# FIT5196 Data wrangling S2 2017

## Assessment 1: Text Preprocessing

### Introduction
In this assignment, I am going to use some data wrangling techniques to do the text preprocessing for the data been provided in XML format which contains 2,500 patents and to convert the data into a proper format for information references. In the given data, there have information include publication reference, application reference, abstract, description, claims, citations, etc. 

And the text preprocessing for this assignment focus on patents information collocation including International Patent Classification (IPC) code and abstract, also the patents' citation network.

* Student: CHAO KAI HSU
* Student ID: 28397371 

There are 4 tasks wirtten in seperated ipynb files in Python 2.0 by using Jupytur notebook for this Assignment of Text Preprocessing which includes:

1. Extract the hierarchical IPC code
2. Extract the citation network
3. Identify number of patent citation
4. Extract and preprocess abstracts
-----------------

## This file belongs the task 2.  

# Extract the citation network

To extract all the references for each patent, in other word, to get the patent's citations for all the patents in the XML file which contain contains 2,500 patents in total and store them in output file citations.txt in the following format: 
* citing_patent_id:cited_patent_id,cited_patent_id,....

## Step 1. Import Libraries 

In [1]:
from bs4 import BeautifulSoup

## Step 2. Use BeautifulSoup to extract information from the XML file.

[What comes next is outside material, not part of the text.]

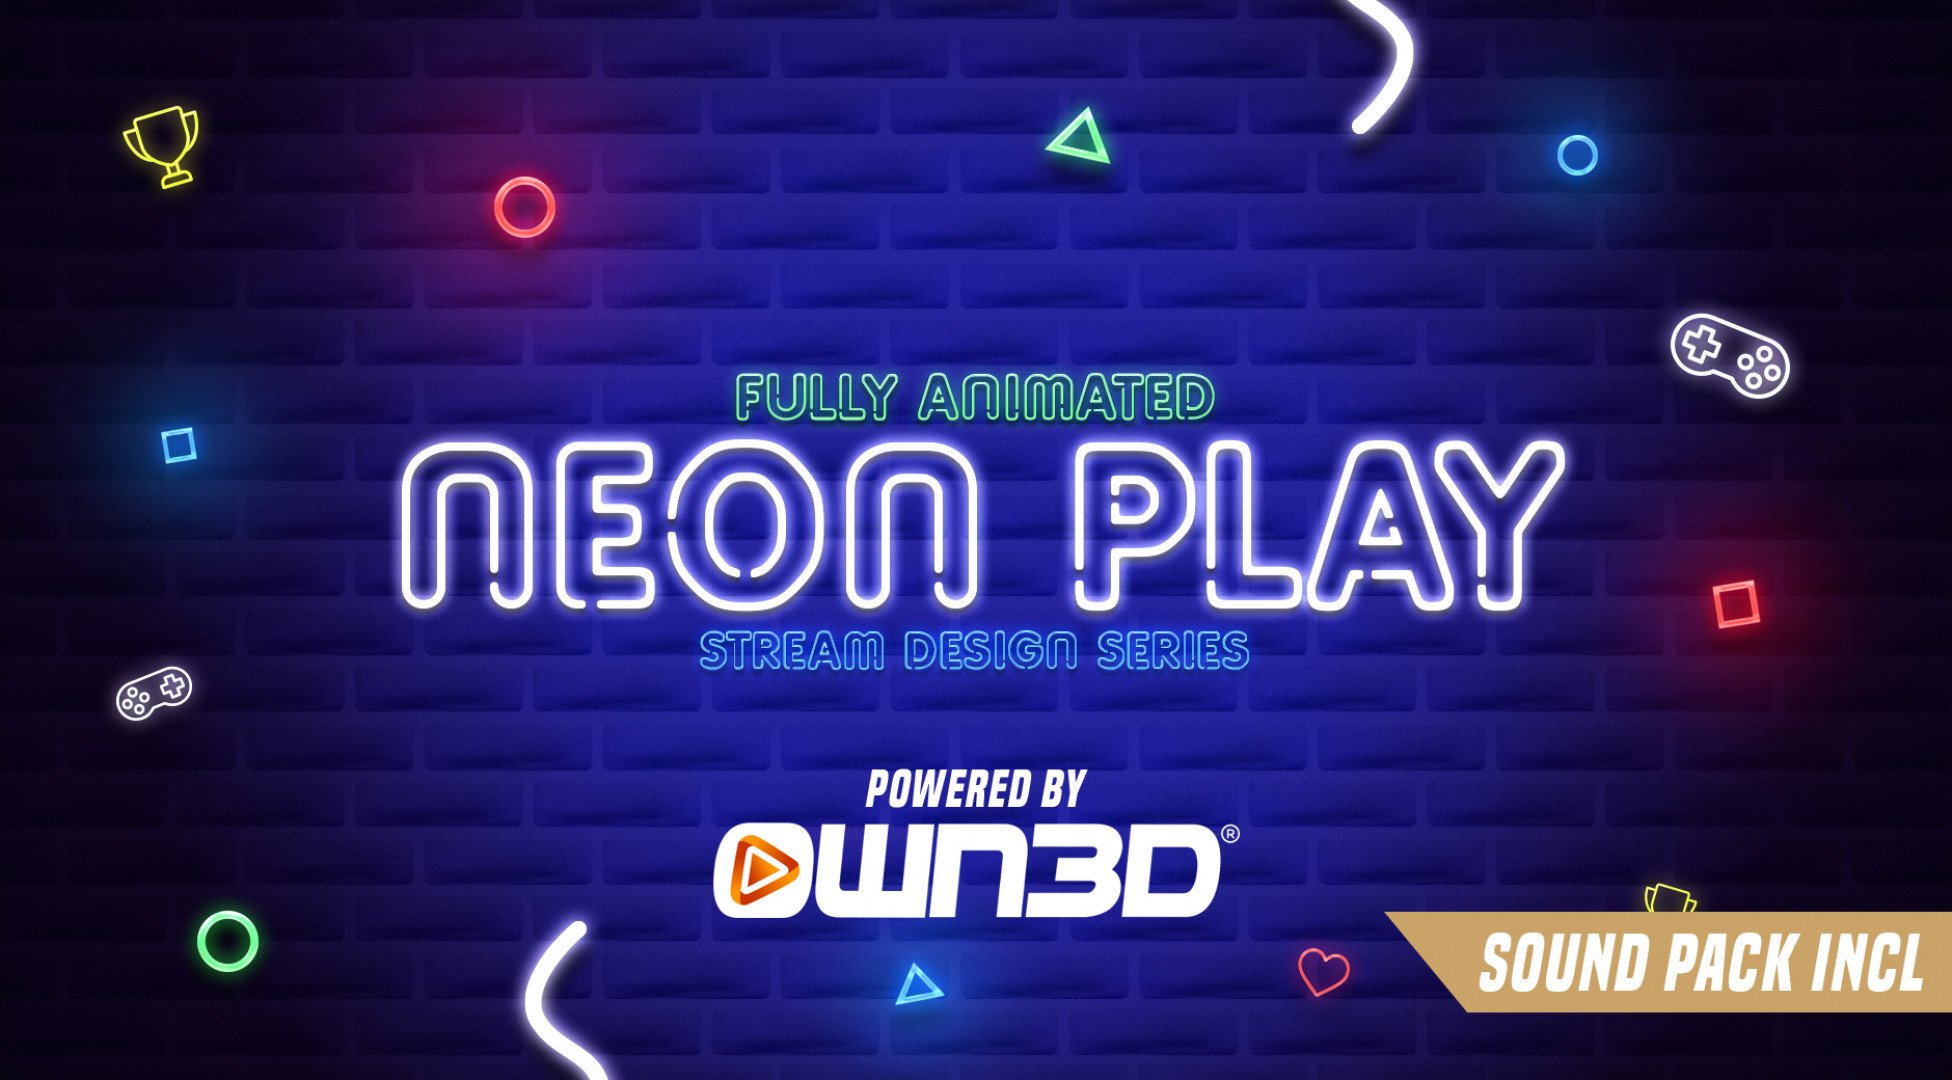 NeonPlay

When first time tried to open the XML file and parse the data to jupyter book by using BeautifulSoup, lxml’s XML parser, it turns out to be that the parser cannot parser all the data from the file and returned some error information. After examining the original XML file by editor, I found out that the file is not a well-formed XML file, which instead the file itself contains 2,500 individual XML files in it. So, the lxml’s XML parser can only successfully parses the first section as it recognizes the section that belong to a well-formed XML file structure.

The way to solve this problem is to open the file directly without parsing it and do the edition of the original files to the correct structure and save each patent to the list separately before using any parser. Or use Python’s html.parser with BeautifulSoup, it can parse the so call un-well-formed XML file without error. And I am going the use the Python’s html.parser to parse and extract data from XML files with Python.

In [2]:
soup = BeautifulSoup(open("./patents.xml"),"html.parser") 

## Step 3. Examining the hierarchy of the xml file and obtain the information we need.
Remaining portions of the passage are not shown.